Оставив горечь пустоты,
На пепелище тлена.
Листы и карандаш ей принесли почти сразу, как попросила. Чтобы как в детстве доверить свои мысли и чувства не бездушному, безликому механизму, а живой бумаге, хранящей отпечаток ее характера – неровного, твердого почерка. Где достали такой раритет не известно, но ей это действительно было необходимо – хоть как-то выразить чувства, что разрывали ее, чтобы не сорваться. Томе это нельзя – она теперь не одна… почти не одна.

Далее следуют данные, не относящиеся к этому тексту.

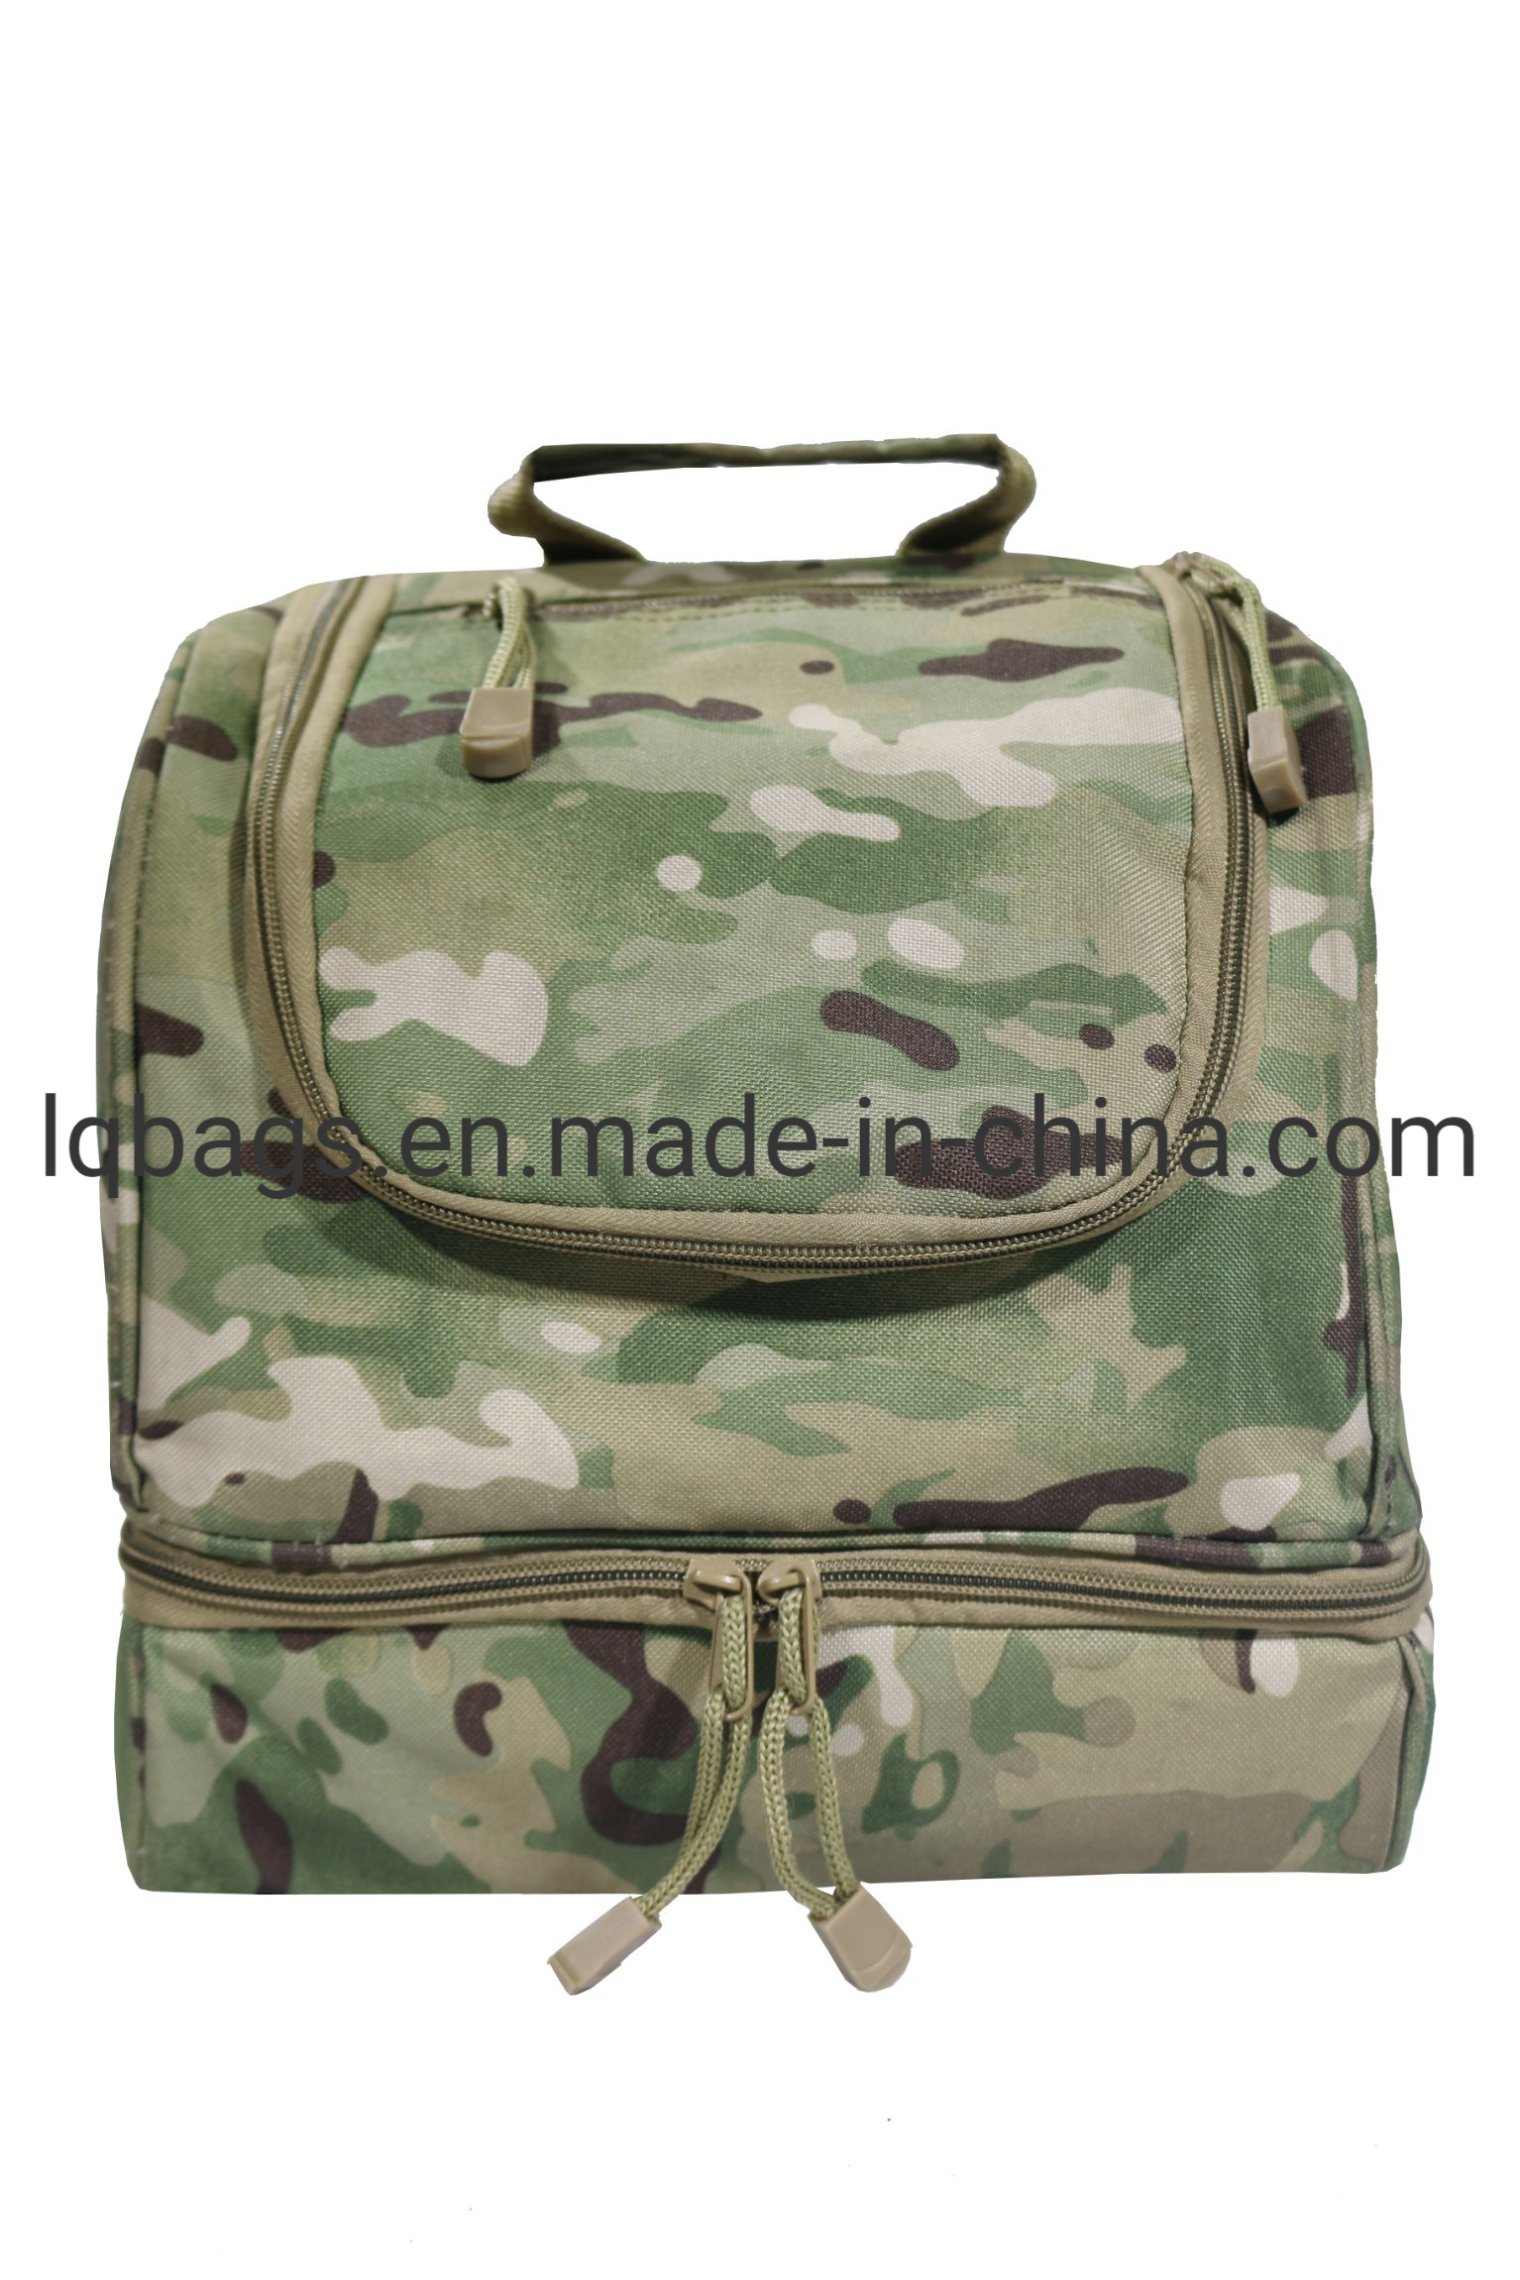 Tactical Wash Bag Organize Bag Pack for Outdoor Camping

Пальцы сжались в кулак, сминая драгоценную бумагу, и рука с яростью бросает беловатый комок в сторону оконного проема, что беззвучно падает на пол там же. Посмотрела в окно, ставшим вдруг совершенно пустым, взглядом.

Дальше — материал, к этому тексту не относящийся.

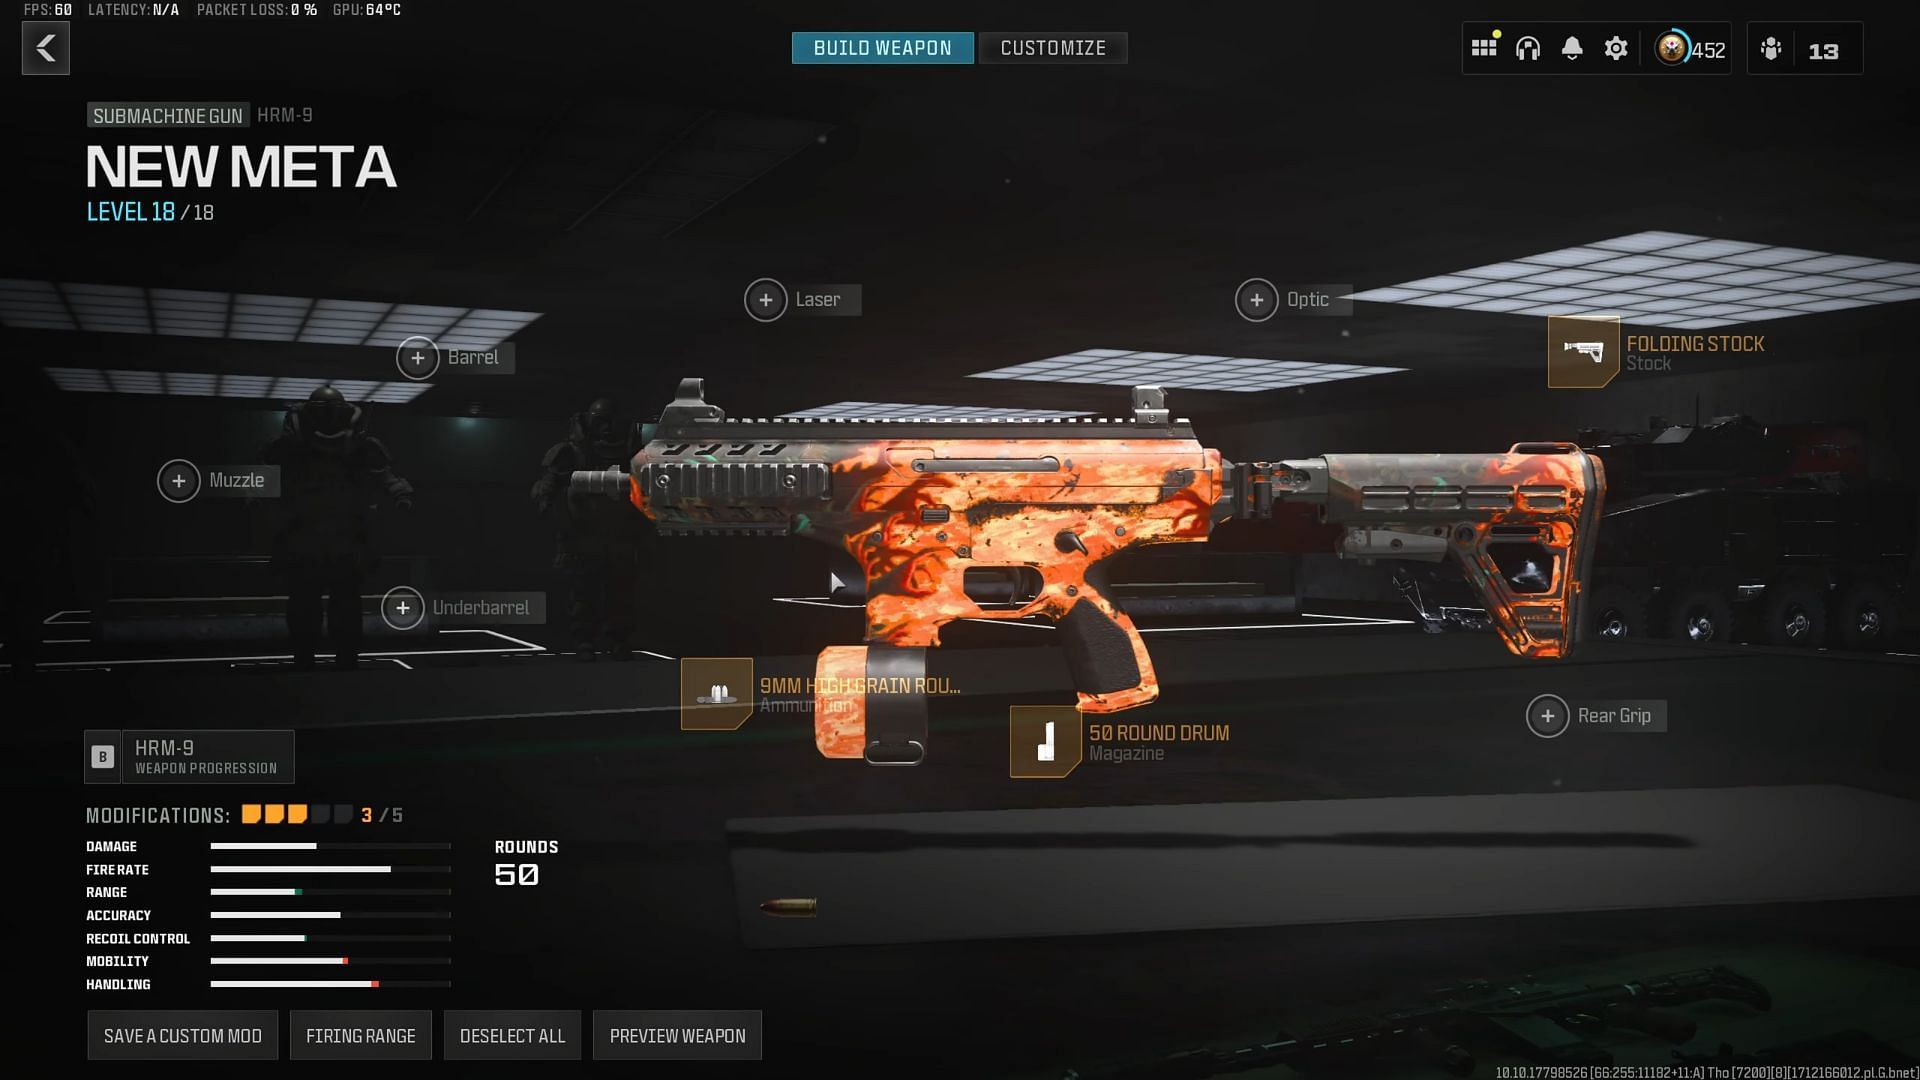 HRM9 SMG loadout in MW3 (Image via IsaacAndersn/Activision YouTube)

Там, с той стороны стекла, тоже шел дождь. Как и у нее в душе. Оплакивая, смывая все, что накопилось внутри… оставляя после себя не сравнимые ни с чем тоску и горечь. А в мыслях бился только один вопрос: "Зачем? Почему жизнь раз за разом пытается ее наказать?"

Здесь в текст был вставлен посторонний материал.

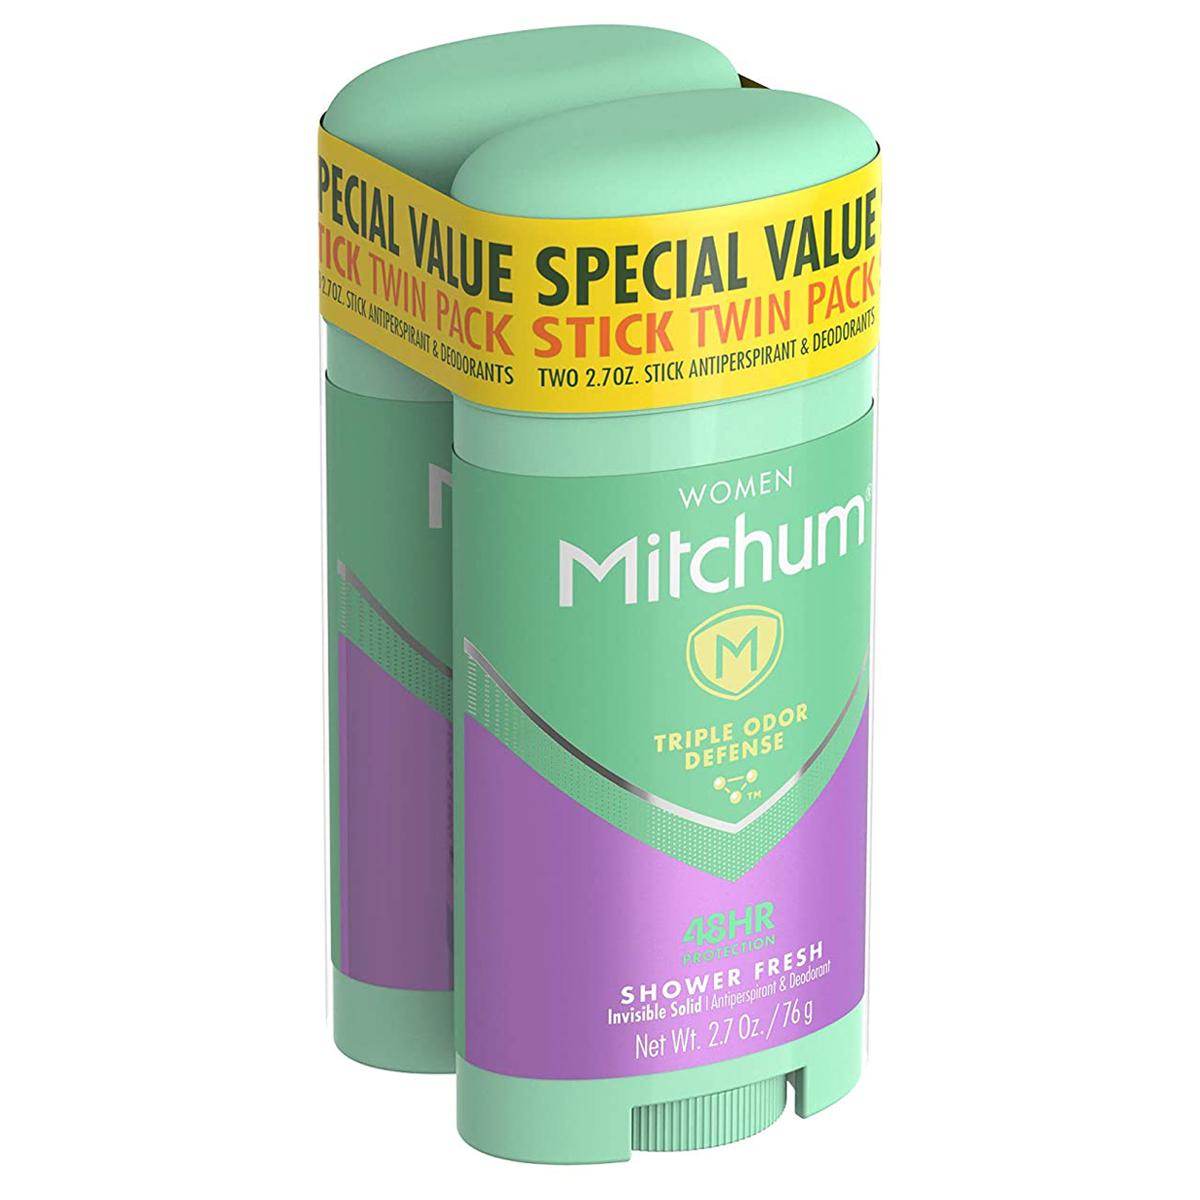 2 Mitchum Antiperspirant Deodorant Stick for Women for $2.66 Shipped

Взгляд бездумно сместился, скользнул на большую кровать в ее спальне, с затаенной болью и нежностью рассматривая рыжеватый вихрь волос на макушке, белые пухленькие щечки и аккуратный детский носик, что уткнувшись в пушистое одеяльце, забавно сопел.
Воспоминания – штука сложная и иногда еще и навязчивая, все время пытающаяся втянуть в водоворот прошлого. Казалось бы времени пролетело не так много, но сколько же всего случилось… В памяти мелькали кадры прошедших событий, как силы Коалиции впервые заявили о себе на Земле с предложением о помощи и народ еще долго муссировал эту тему. Как она в первый раз встретила на своей старой работе «страшного» нага и долго не могла найти с ним общий язык, от чего злилась. Их совместную работу и свое, последующее за этим, похищение тоже вспомнила.
Ведь уже после этого она оказалась на "Донаре", личном крейсере Декхаса, узнала, кем на самом деле являлись представители Коалиции, и что уготовило правительство Земли для своего народа. Тогда ей представшие "перспективы" - казались ей ужасающим, но… какими-то далекими от нее, что ли. Томе не надо было переживать, что та же страшная участь ожидает и ее семью… Нет, она четко знала, что ее Ева с мужем и ребенком в любом случае будут спасены.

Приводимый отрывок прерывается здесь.